Identifying the Bootloader in a Flash Dump

The bootloader runs first, sets up the hardware, and decides what code the device is allowed to run next. Find it in a raw flash dump and you learn exactly how a device defends itself at startup, or whether it defends itself at all. Here is the workflow I use to locate and read it on real hardware.

Why the Bootloader Is the First Thing I Check

Secure boot, if it exists, lives in the bootloader. So does the answer to the question that shapes the rest of an assessment: does this device verify the next stage before running it, or does it trust whatever sits in flash? Before I reverse engineer the application, I want the bootloader, because it tells me where the root of trust is and whether it actually holds.

On Linux-class devices that usually means U-Boot. On bare-metal microcontrollers it means a small first-stage loader sitting at the reset vector. The two look nothing alike in a dump, so the first job is figuring out which one you are holding before you spend an hour analyzing the wrong bytes.

Start With a Map of the Image

Confirm what you have, then let binwalk lay out the structure. A single scan usually shows where the bootloader ends and the kernel begins, and it does it in seconds.

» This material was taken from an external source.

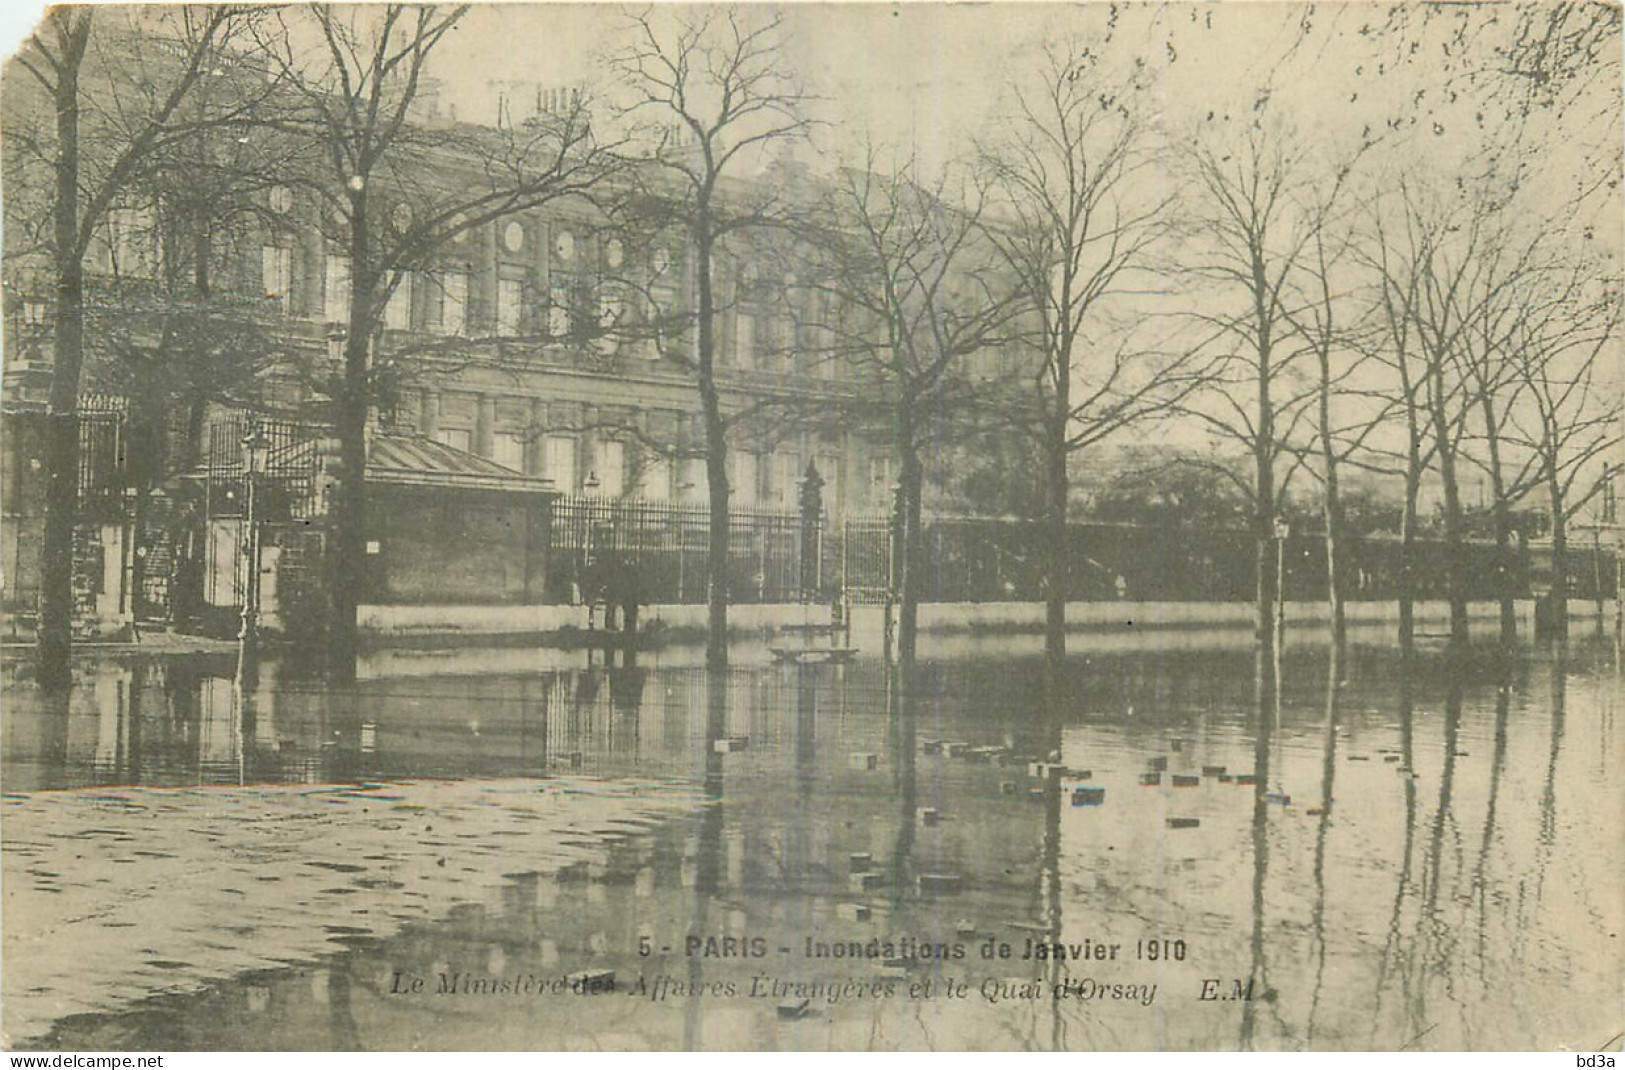 75 - PARIS - INONDATIONS DE 1910 - MINISTERE DES AFFAIRES ETRANGERES - Paris Flood, 1910

# what kind of file is this
file firmware.bin

# scan for known signatures and offsets
binwalk firmware.bin

firmware.bin: data

DECIMAL       HEXADECIMAL     DESCRIPTION
--------------------------------------------------------------------------------
0             0x0             uImage header, header size: 64 bytes, header CRC: 0x2A1F
64            0x40            U-Boot 2021.04 (ARM), load addr: 0x80000000
197632        0x3040          LZMA compressed data
1248304       0x130C30        Squashfs filesystem, little endian, version 4.0

That first block is the bootloader. Note the offset (0x40) and the version string U-Boot 2021.04. The rest of the image, the compressed kernel and the SquashFS root filesystem, comes after it. You now know the layout before touching anything else, and that map guides every later step.

Confirm the Architecture Before You Disassemble

If binwalk does not name the CPU, a quick opcode scan settles it. Pointing binwalk -A at the image reports the instruction sets it recognizes, which tells your disassembler how to read the bytes.

# scan for executable opcodes and report the architecture
binwalk -A firmware.bin | head

DECIMAL    HEXADECIMAL   DESCRIPTION
----------------------------------------------------------
68         0x44          ARM instructions, function prologue
512        0x200         ARM instructions, function epilogue
2364       0x93C         ARM instructions, function prologue
# dominant match: ARM (32-bit, little endian)

Guessing the architecture wrong is the most common reason a bootloader looks like garbage in a disassembler. Confirm it here, in seconds, rather than after an hour of staring at nonsense that was never meant to be read as the wrong instruction set.

Spotting U-Boot

U-Boot is loud. It is full of recognizable strings, so strings confirms it instantly and often reveals the exact build and the date it was compiled.

# pull printable strings, keep ones 8+ chars, grep for the banner
strings -n 8 firmware.bin | grep -i 'u-boot'

U-Boot 2021.04 (May 18 2023 - 11:42:07 +0000)
U-Boot SPL 2021.04
uboot_version
Hit any key to stop autoboot
U-Boot> 

A dated banner like that is worth a quick search against public CVEs, because plenty of shipped devices run a U-Boot that is years behind. The Hit any key to stop autoboot and U-Boot> strings are also a strong hint that an interactive console may be reachable over the serial port, which is a separate way into the same device.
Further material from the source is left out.